Minister of National Defense of Francoist Spain
- In office 31 January 1938 – 9 August 1939
- Caudillo: Francisco Franco
- Prime Minister: Francisco Franco
- Preceded by: Indalecio Prieto (as Minister of National Defense of the Spanish Republic)
- Succeeded by: Position abolished (spilt on Army, Navy and Air Force)

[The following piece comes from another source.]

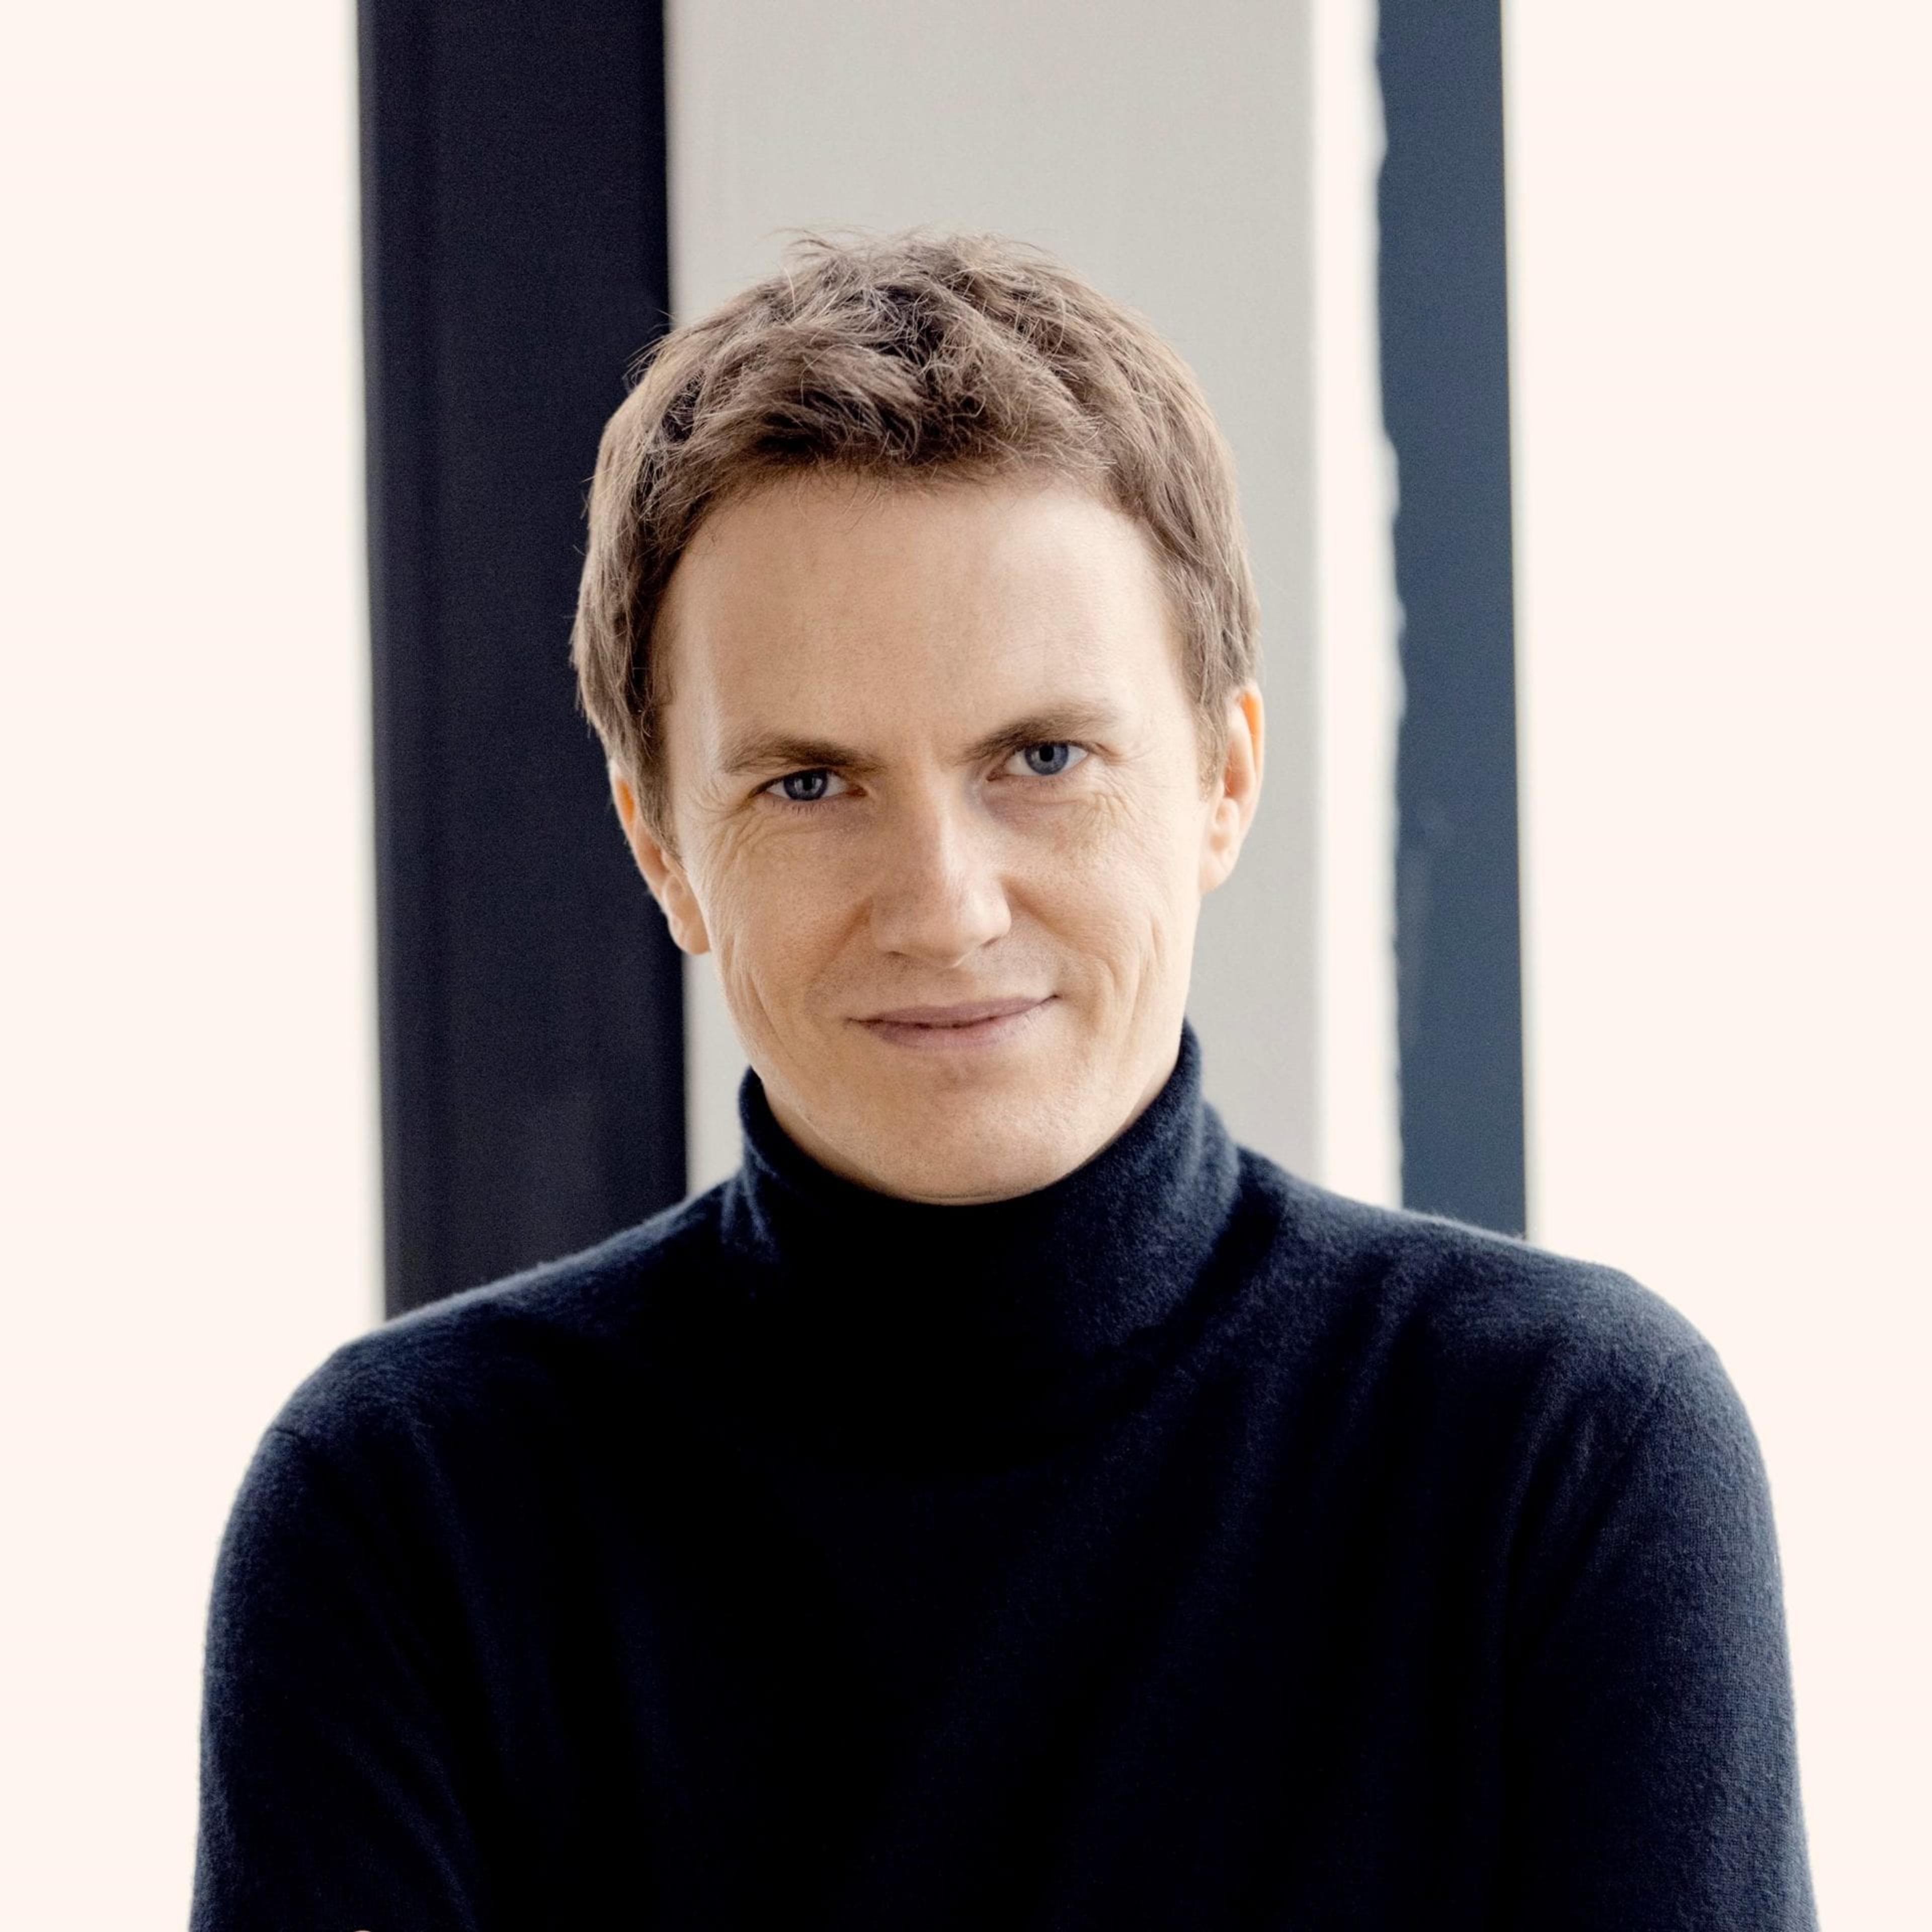 Promotional photograph of Alexandre Tharaud

Minister of the Army of Spain
- In office 20 July 1945 – 19 July 1951
- Caudillo: Francisco Franco
- Prime Minister: Francisco Franco
- Preceded by: Carlos Asensio Cabanillas
- Succeeded by: Agustín Muñoz Grandes

Chief of Staff of the Army of Francoist Spain
- In office 2 October 1936 – 30 September 1939
- Caudillo: Francisco Franco
- Prime Minister: Francisco Franco
- Minister of National Defense: Himself
- Preceded by: Toribio Martínez Cabrera (as Chief of Staff of the Army of Spanish Republic)
- Succeeded by: Carlos Martínez de Campos y Serrano

Chief of the Defence High Command of Spain
- In office 5 May 1941 – 20 July 1945
- Generalísimo: Francisco Franco
- Prime Minister: Francisco Franco
- Preceded by: Francisco Martín-Moreno
- Succeeded by: Luis Orgaz Yoldi

Personal details
- Born: Fidel Dávila Arrondo Gil y Arija 24 April 1878 Barcelona, Kingdom of Spain
- Died: 22 March 1962 (aged 83) Madrid, Francoist Spain (now Spain)
- Party: Falange
- Profession: Military

= Fidel Dávila Arrondo =

Spanish Army officer (1878–1962)

Fidel Dávila Arrondo, 1st Marquess of Dávila (24 April 1878 – 22 March 1962) was a Spanish Army officer during the Spanish Civil War.

Born in Barcelona, as an infantry officer, he fought in Cuba during the Spanish–American War and received the Cruz del Mérito Militar. He later entered the General Staff of the Army. He was then promoted to lieutenant colonel and assigned to Spanish Morocco. In 1929 he was promoted to brigadier general and was assigned to the VII Military district.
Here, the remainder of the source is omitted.